Em outras palavras, esses estudos em epigenética ressaltam que possuir um gene de obesidade não é fator determinante para desenvolver a doença. São nossos hábitos de vida diários que irão acioná-lo ou não, com o passar do tempo. Esse fator merece nossa atenção, pois é nesse ponto em que percebemos que a mudança de hábitos com o passar das décadas, em adaptação às tecnologias modernas e ao corre-corre diário, pode estar nos condenando a “acionar” uma série de genes que têm nos adoecido e “expandido” nossa silhueta. A situação da obesidade e do sobrepeso é séria e as projeções futuras são bastante alarmantes.
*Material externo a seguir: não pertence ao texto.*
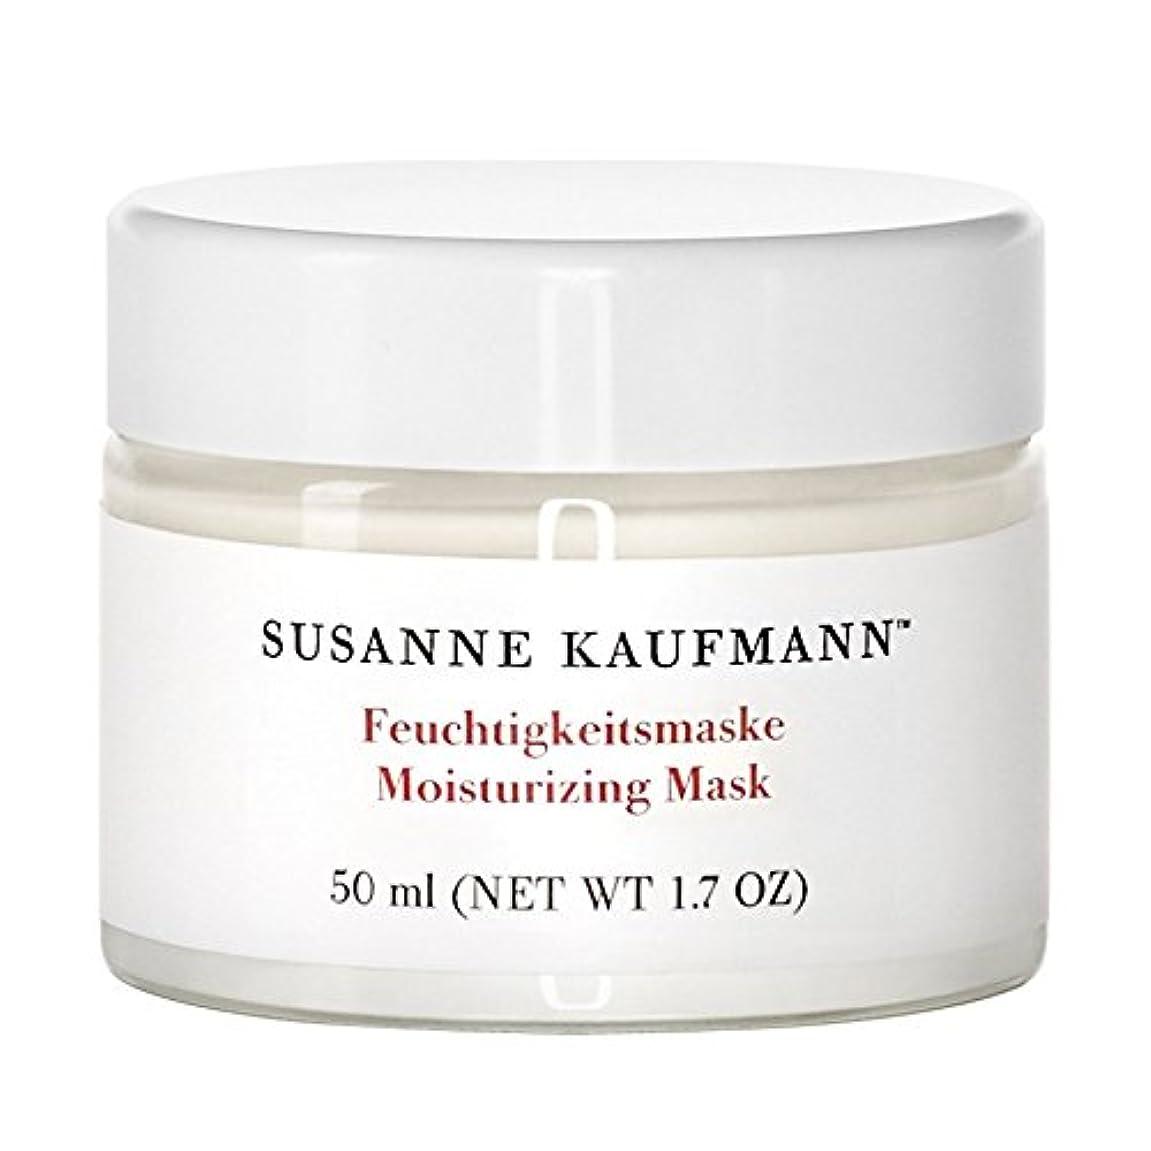 遅い開いた代理人スザンヌカウフマン保湿マスク50ミリリットル x2 - Susanne Kaufmann Moisturising Mask 50ml (Pack of 2) [並行輸入品]
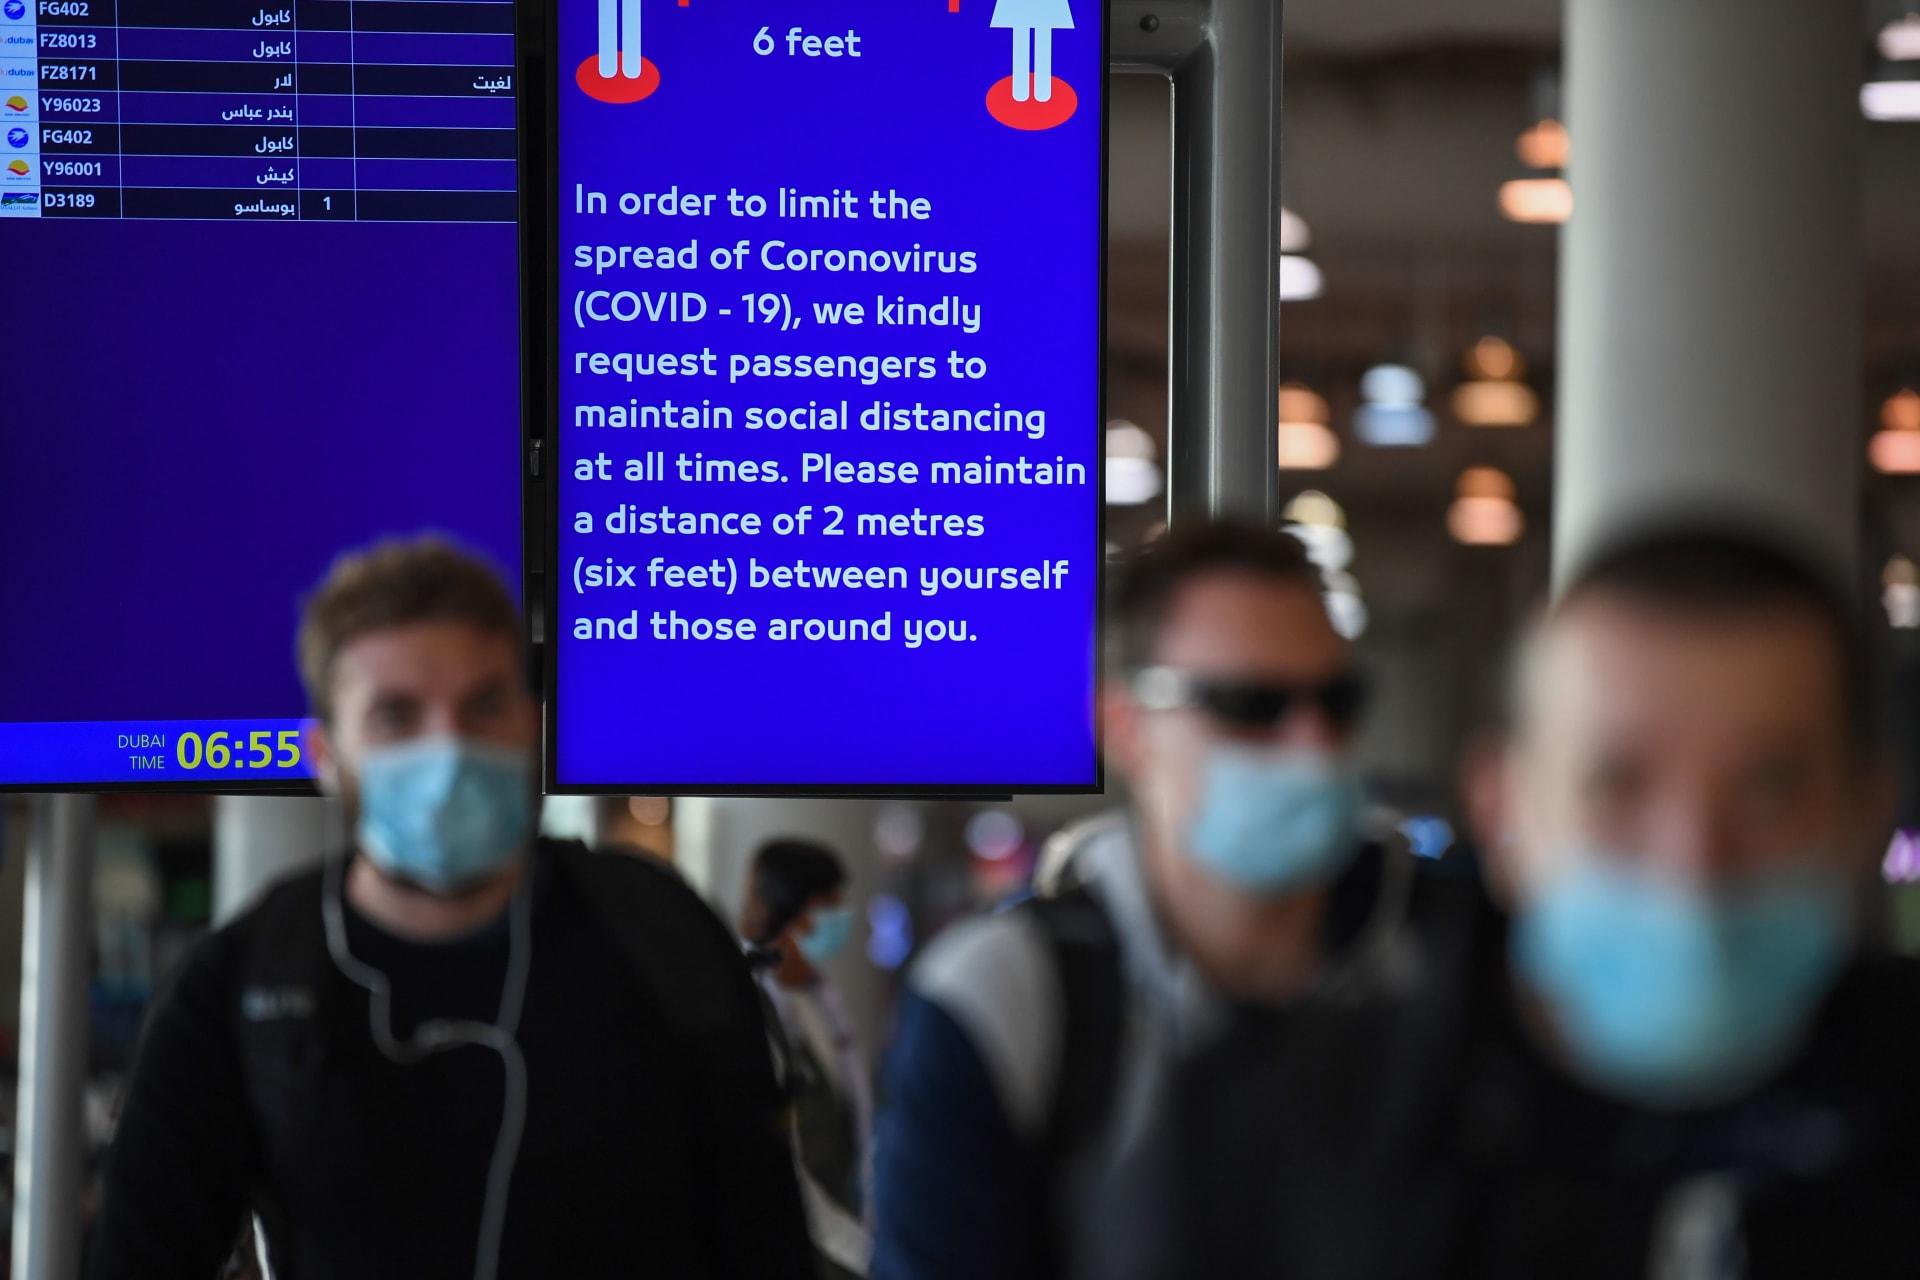 الإمارات تسجل 283 إصابة جديدة بفيروس كورونا وتكشف سبب زيادة أعداد الحالات

Para ficar bem evidente a questão dos termos de obesidade e sobrepeso, usamos como base o índice de massa corporal (IMC) adotado pela OMS. O padrão utilizado é o seguinte:

A OMS estima que em 2025 teremos 2,3 bilhões de adultos acima do peso no mundo, sendo aproximadamente 500 milhões de indivíduos com obesidade, isto é, IMC acima de 30. No Brasil, a pesquisa do IBGE sobre obesidade revelou que o número de adultos acima dos 20 anos com sobrepeso foi de 12,2% em 2003 para 26,8% em 2019. Estima-se que no país essa doença crônica tenha aumentado cerca de 72% nos últimos treze anos, fator esse que tem alarmado os setores de saúde.

Quanto à obesidade infantil, os dados apontam que 12,9% das crianças brasileiras entre 5 e 9 anos de idade têm obesidade, assim como 7% dos adolescentes com idades entre 12 e 17 anos.